Historically, the description of a bacterium lacking a cell wall was sufficient to classify it to the genus Mycoplasma and as such it is the oldest and largest genus of the class with about half of the class' species (107 validly described), each usually limited to a specific host and with many hosts harboring more than one species, some pathogenic and some commensal. In later studies, many of these species were found to be phylogenetically distributed among at least three separate orders.

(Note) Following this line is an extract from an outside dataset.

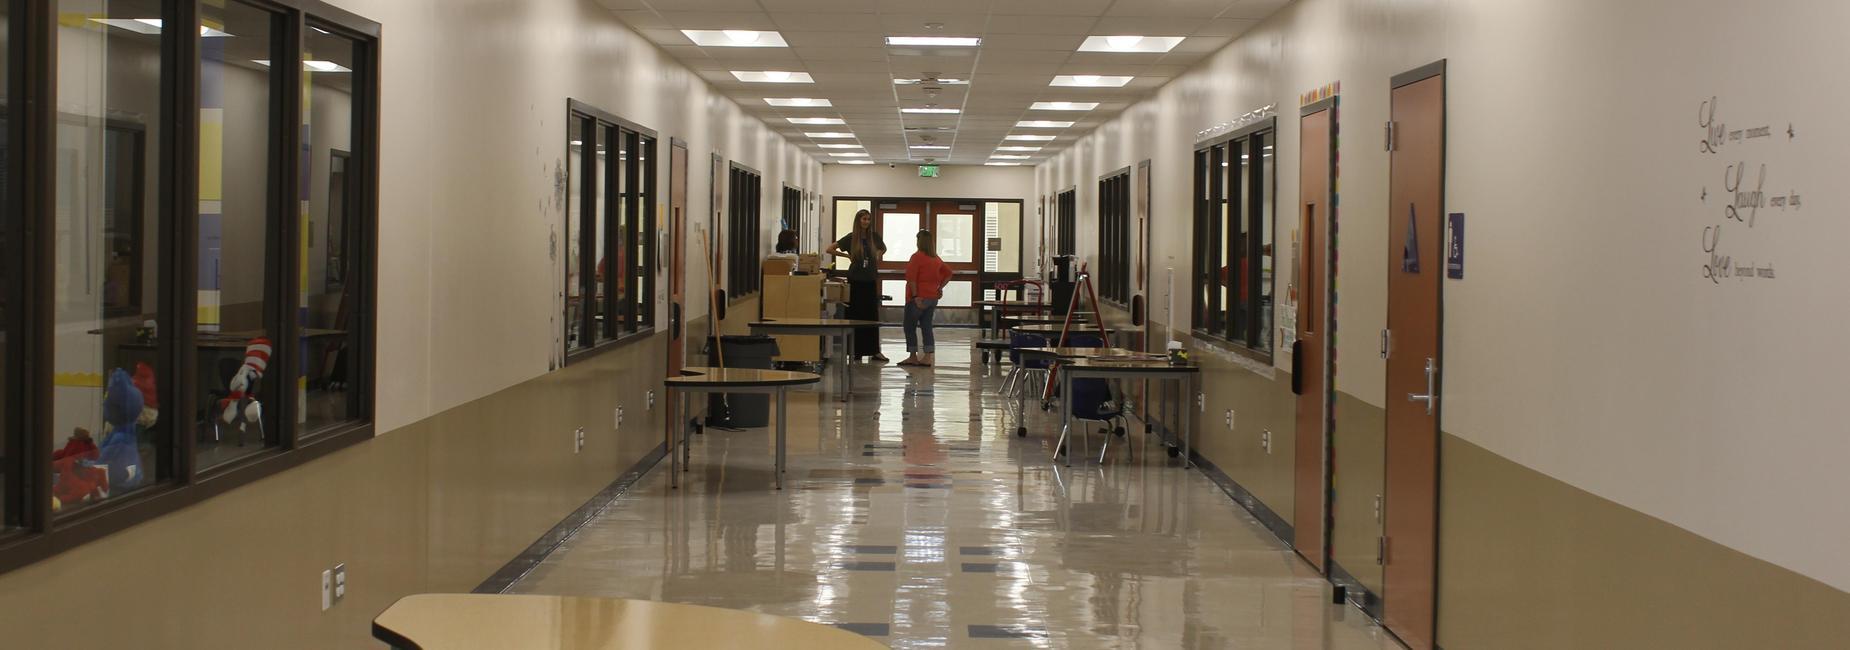 Hemet Elementary Hallway

A limiting criterion for inclusion within the genus Mycoplasma is that the organism have a vertebrate host. In fact, the type species, M. mycoides, along with other significant mycoplasma species like M. capricolum, is evolutionarily more closely related to the genus Spiroplasma in the order Entomoplasmatales than to the other members of the Mycoplasma genus. This and other discrepancies will likely remain unresolved because of the extreme confusion that change could engender among the medical and agricultural communities.
The remaining species in the genus Mycoplasma are divided into three non-taxonomic groups, hominis, pneumoniae and fermentans, based on 16S rRNA gene sequences.
The hominis group contains the phylogenetic clusters of M. bovis, M. pulmonis, and M. hominis, among others. M. hyopneumoniae is a primary bacterial agent of the porcine respiratory disease complex.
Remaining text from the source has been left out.